Friends and followers of the late Dame Elisabeth Frink focused their attention on Salisbury on Wednesday as her personal collection of art and artefacts (and that of her son, Lin Jammet) came under the hammer at Woolley and Wallis.
The collection more than doubled its conservative expectations to reach just under £270,000 (with premium), leaving just one lot unsold. Another lot (Frink’s Royal Academy diploma) was withdrawn before the auction and donated to the Frink Archive at Dorset History Centre.
Paintings specialist, Victor Fauvelle, wasn’t surprised by the sale’s success. “Buyers immediately grasped that this was a one-off opportunity to purchase a piece of remarkable Frink history and celebrate one of the most important British female artists of the 20th century,” he said.
Although Frink’s collection had been all but abandoned in a barn following her death in 1993, her former friends who came to view the sale brought memories and stories of many of the different objects, including part of lot 34 – a carved wood decoy stick – which was allegedly kept under the bed in case of intruders.
The artist John Taulbut came to the sale to view a carved yew crucifix (lot 55) that Frink had acquired from him around 1986, while the wife of William Thomson (the artist who had painted Frink and her son, Lin Jammet, in the 1960s and ‘70s) came to try and buy back some of his work. Nostalgia and affection played a big part in the prices achieved as bidders strove to acquire pieces that had been loved by this well-liked and influential sculptor.
The star of the day was a diminutive painting by the Scottish artist, Craigie Aitchison (lot 98), depicting a dog before the Crucifixion, which sold for £31,250, while a Mary Fedden painting (lot 67) inscribed to Frink’s son Lin realised £12,500. Importantly, the auction also set a record for works by Lin Jammet himself as two of his screenprints sold for £1,250 each, while prints by Frink herself far exceeded their usual auction estimates.
“It is difficult to focus on any lot individually as there are so many different highlights in this collection,” explained Design specialist, Michael Jeffery, who had first been introduced to the collection in the barn in Dorset. “Frink had eclectic but excellent taste and her friendships with other well-known artists mean that her collection abounded with interesting artworks that had a real personal connection to her and her family.”

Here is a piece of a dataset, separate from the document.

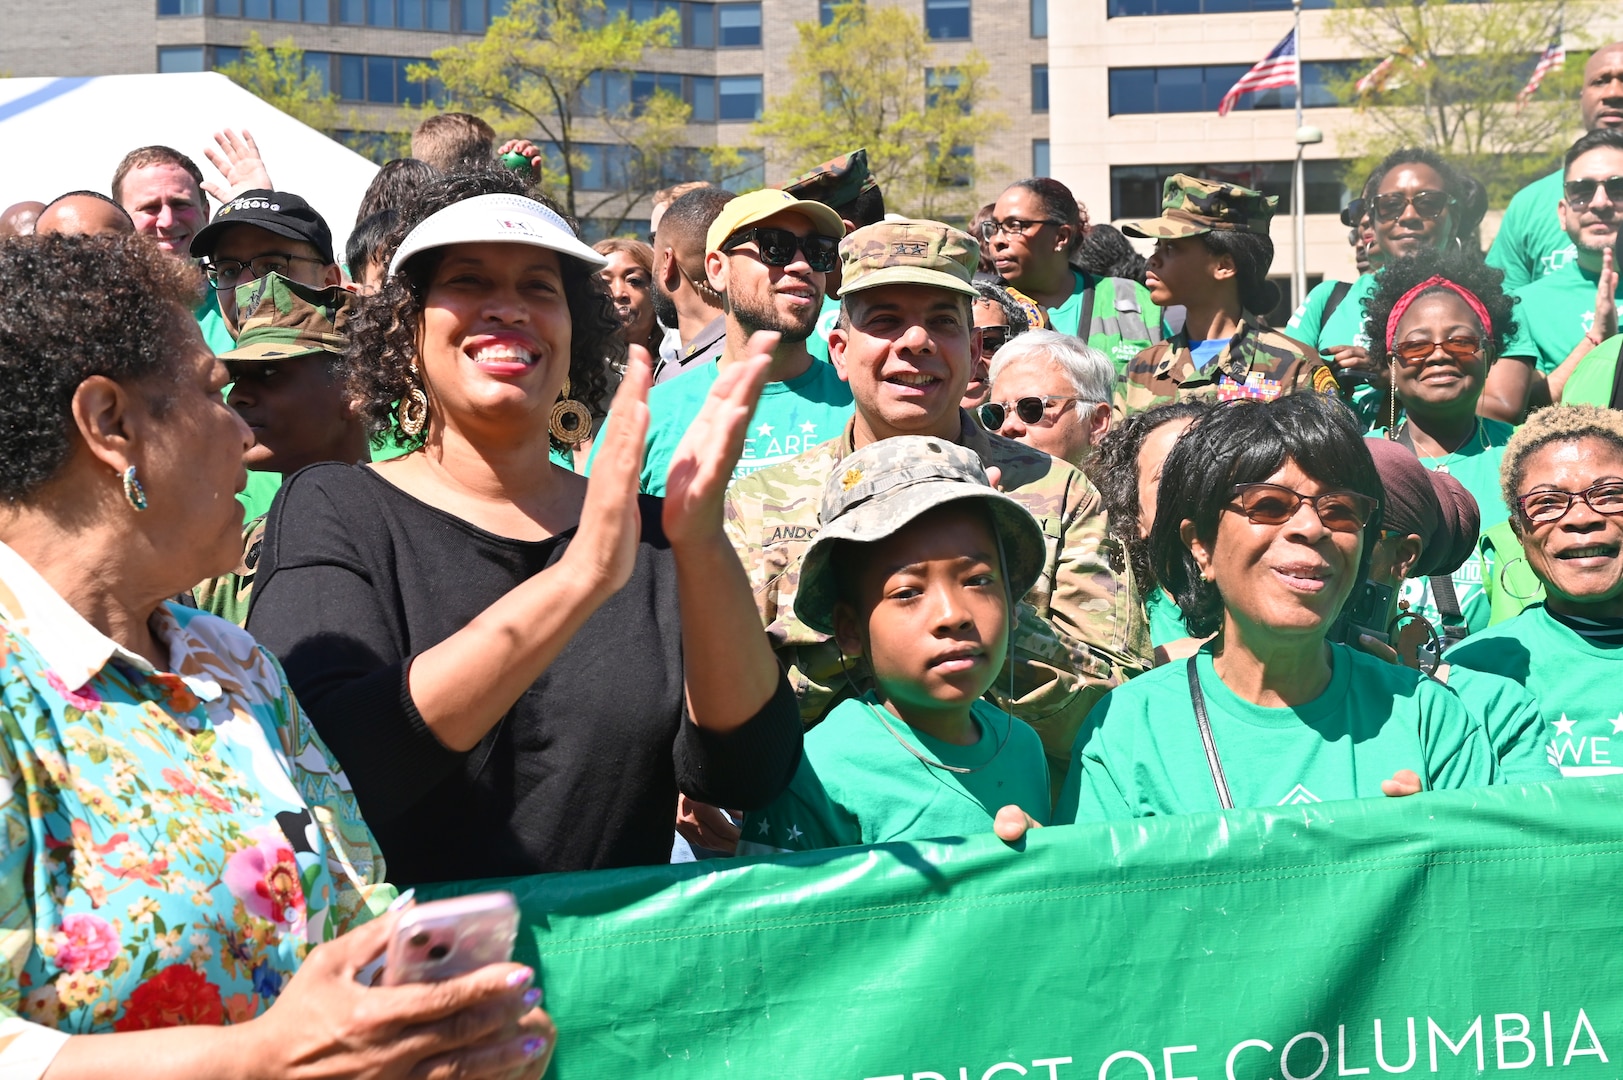 Maj. Gen. John C. Andonie, Commanding General (interim), D.C. National Guard, and the 257th Army Band joined Mayor Muriel Bowser for the 2024 Emancipation Day Parade and concert.  The event which commemorates the end of slavery is organized by the Mayor's Office of Community Affairs (MOCA).  On April 16, 1862, President Abraham Lincoln signed the District of Columbia Compensated Emancipation Act, ending slavery in the District of Columbia.  Passage of the law came over 8 months before President Lincoln issued his Emancipation Proclamation.

Outside of the pieces by named artists, many unusual but highly decorative objects captured the attention of buyers. A huge pair of wooden sheep (lot 49), which several people remembered from Frink’s garden at Woolland (her home in Dorset), sold for £10,000, while a pair of wooden decoy models of Canada geese (lot 38) fetched £2,125.
The vast amount of interest in the collection meant that the 130 lots took almost four hours to sell, with an unusually high number of private clients registering to bid just days before the sale. The collection was sold as part of the Modern British and 20th Century Art sale (previously scheduled for June), which you can read more about here.
* All prices quoted include buyer's premium.